I’m trying to do the detection with my own dataset.
My code is
class rlstm(nn.Module):
def __init__(self, args):
super(rlstm, self).__init__()
## Define Parameters
self.args = args
if args.encoding:
self.elstm = nn.LSTM(args.num_ch, args.encoding_size, args.lstm_layer) # Encoding LSTM (Pre-processing) - (1500, 128) -> (1500, 64)
self.args.num_ch = args.encoding_size
else:
self.args.num_ch = args.num_ch
self.rlstm = nn.LSTM(self.args.num_ch, args.lstm_size, args.lstm_layer, batch_first=True)
self.cls_net = nn.Linear(args.lstm_size, args.num_cls)
self.bbox_regnet = nn.Linear(args.lstm_size, 2)
def forward(self, data, label, proposals, classes):
if self.args.encoding:
data = self.elstm(data)[0] # gather all sequences
_proposals = generate_proposals(self.args, label) # proposals = [1000, 4 (start, end, score, class)]
if self.args.training:
# Calculate score for each proposal
_proposals, _scores, _classes = cal_score(_proposals, label, self.args)
# NMS
pick_idx = nms(_proposals, _scores, self.args) # pick_idx includes both pos and neg
_proposals = _proposals[pick_idx, :]
_scores = _scores[pick_idx, :]
_classes = _classes[pick_idx, :]
_proposals = _proposals[:self.args.num_prop_after, :] # select 128 proposals (sorted by score)

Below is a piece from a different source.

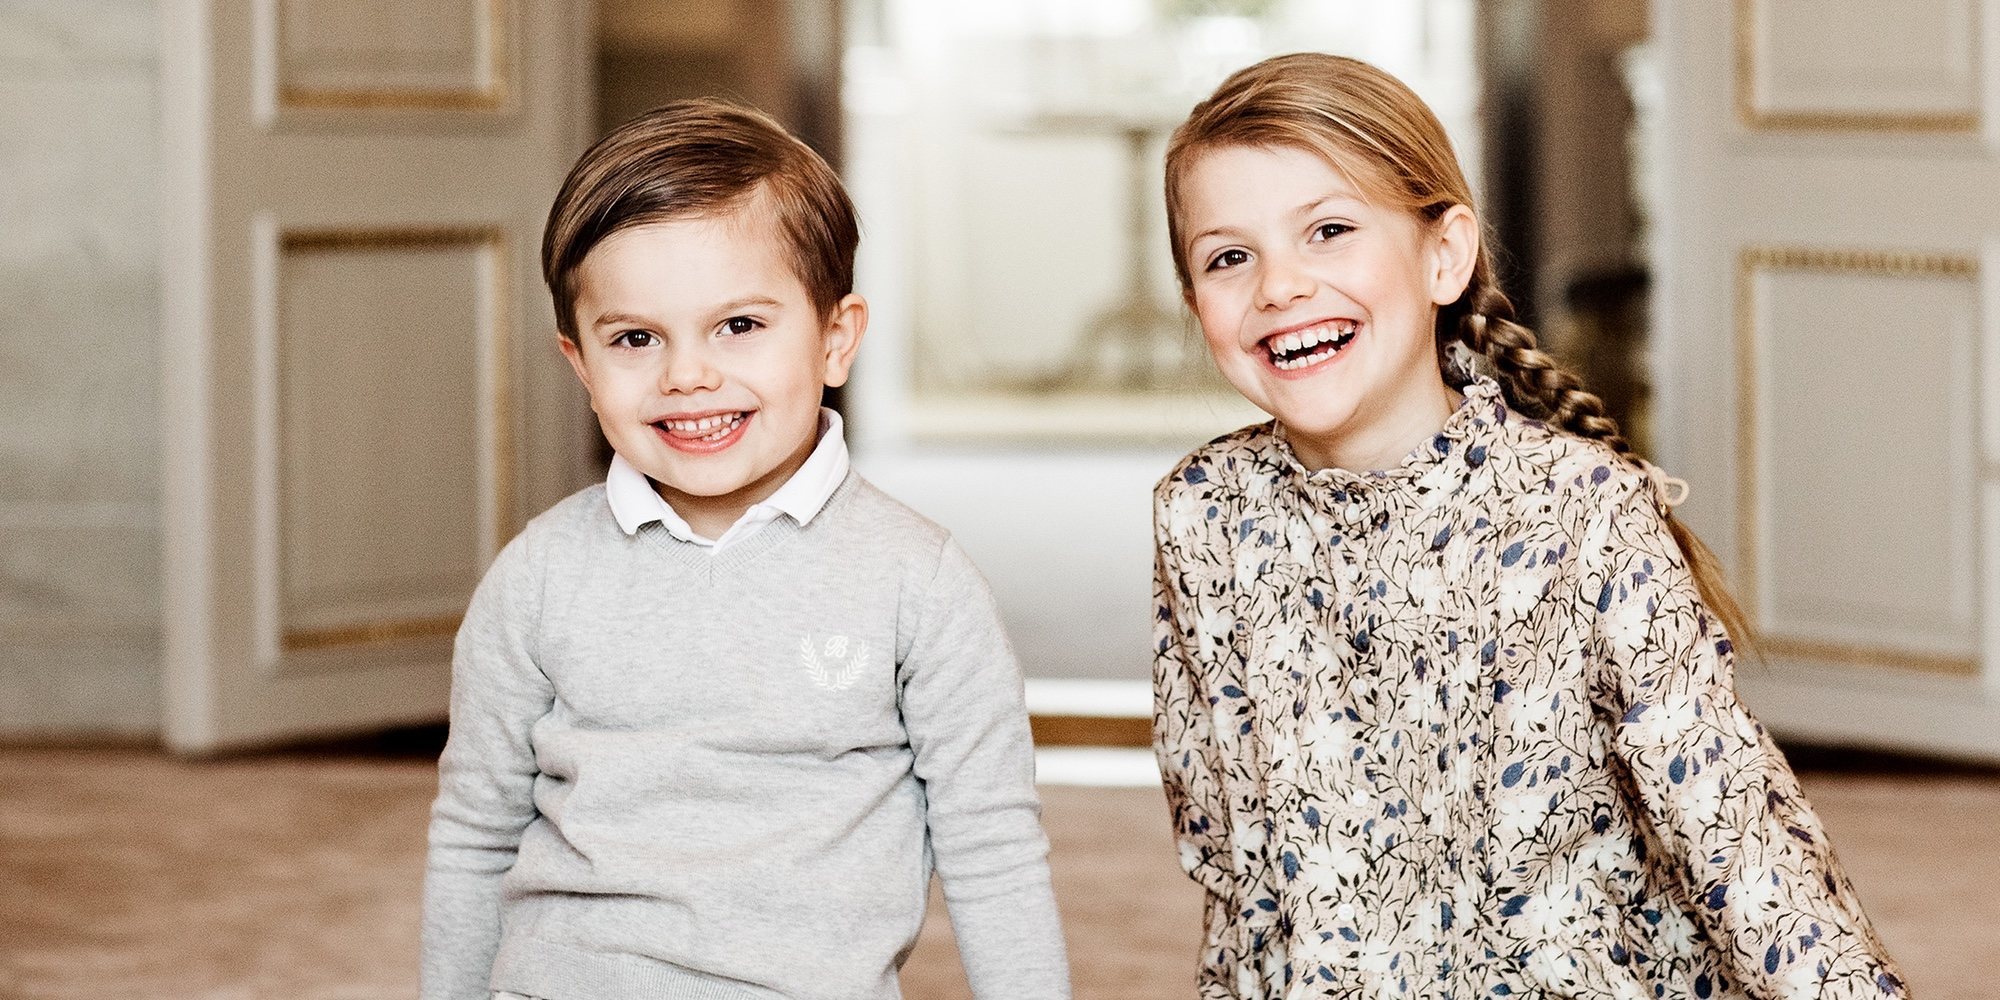 La Casa Real Sueca publica nuevas fotografías de Estela de Suecia coincidiendo con su octavo cumpleaños

_scores = _scores[:self.args.num_prop_after, :]
_classes = _classes[:self.args.num_prop_after, :]
bbox_inside_weight, bbox_outside_weight = bbox_add_weight(_scores, self.args)
proposals.data.copy_(_proposals)
classes.data.copy_(_classes[:,0]) # n x 1 -> n (dimension...)
eeg_proposals = extract_proposals(self.args, data, proposals[:,:2]) # (128, 2) -> (128, 100, 128) (actual EEG signal)
eeg_proposals = Variable(eeg_proposals.cuda())
base_feat = self.rlstm(eeg_proposals)[0][:,-1,:] # base_feat = (128, lstm_size)
cls_feat = self.cls_net(base_feat) # cls_feat = (128, 41 (num_cls))
bbox_feat = self.bbox_regnet(base_feat) # bbox_feat = (128, 82 (num_cls * 2))
cls_loss = F.cross_entropy(cls_feat, classes.long()) # F.cross_entropy converts indices automatically
bbox_loss = net_utils._smooth_l1_loss(bbox_feat, proposals, bbox_inside_weight, bbox_outside_weight) # start, end
else:
base_feat = self.rlstm(proposals)[0][:,-1,:]
cls_feat = self.cls_net(base_feat)
bbox_feat = self.bbox_regnet(base_feat)
cls_loss = 0
bbox_loss = 0
return cls_feat, bbox_feat, cls_loss, bbox_loss
A mini-batch is size of 32 which is the number of proposals. And the number of classes is 41, the number of nodes in the hidden layer of LSTMs is 256.
The bounding box loss (Localization) decreases but the classification doesn’t.
It doesn’t move around 3.7.
Please give me an advise.
Thank you